The denominator \( x^2 - 2x - 15 \) can be factored: \[ x^2 - 2x - 15 = (x - 5)(x + 3) \]
So we rewrite the equation as: \[ \frac{1}{x - 5} = \frac{1}{x + 3} + \frac{x - 1}{(x - 5)(x + 3)} \]
Now we can combine the right-hand side: \[ \frac{1}{x + 3} + \frac{x - 1}{(x - 5)(x + 3)} = \frac{(x - 5) + (x - 1)}{(x - 5)(x + 3)} = \frac{2x - 6}{(x - 5)(x + 3)} = \frac{2(x - 3)}{(x - 5)(x + 3)} \]

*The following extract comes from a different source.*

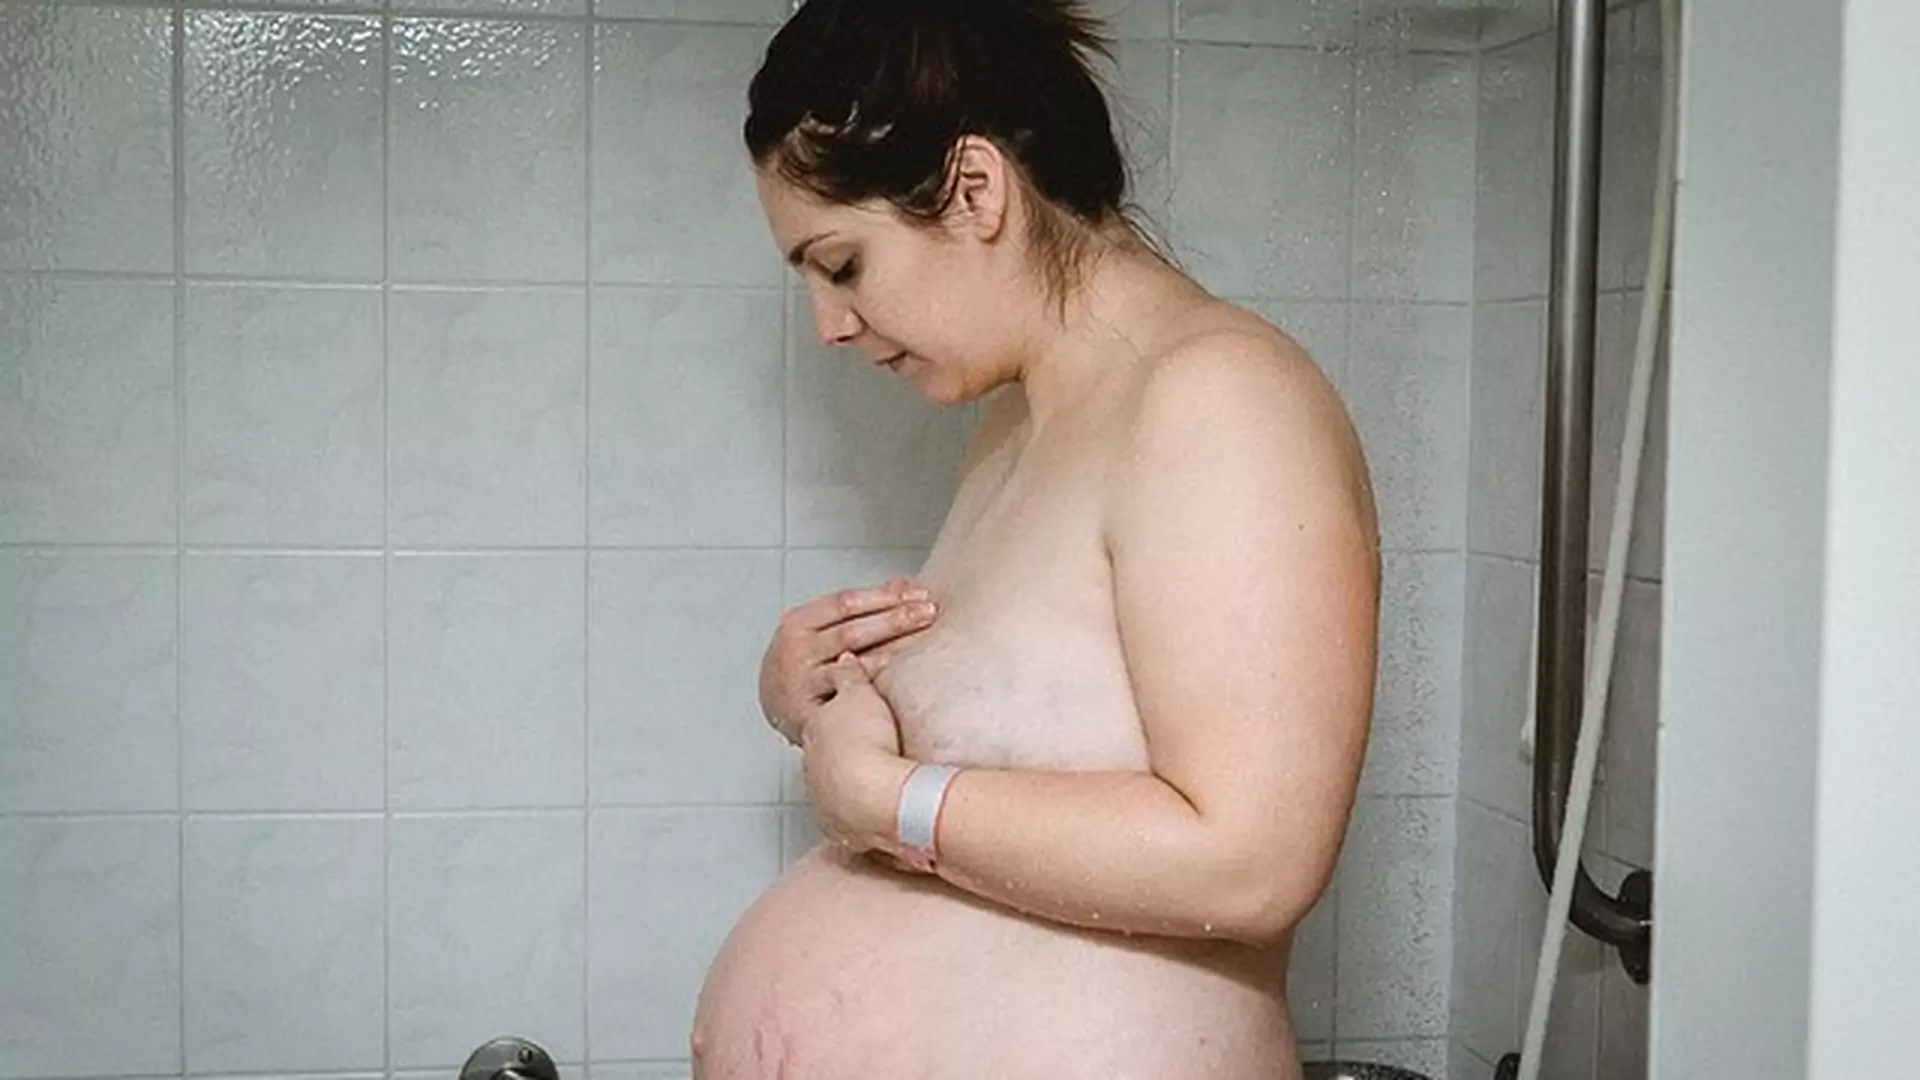 Po porodzie "patrzy w dół i nadal widzi ciążowy brzuch" - zdjęciem podbija serca mam

Now we can set the two sides equal: \[ \frac{1}{x - 5} = \frac{2(x - 3)}{(x - 5)(x + 3)} \]
Next, we can cross-multiply: \[ (x + 3) = 2(x - 3) \] Expanding that gives: \[ x + 3 = 2x - 6 \]
Now, we can simplify to find \( x \): \[ 3 + 6 = 2x - x \] \[ 9 = x \]
Thus, the solution is: \[ \boxed{x = 9} \]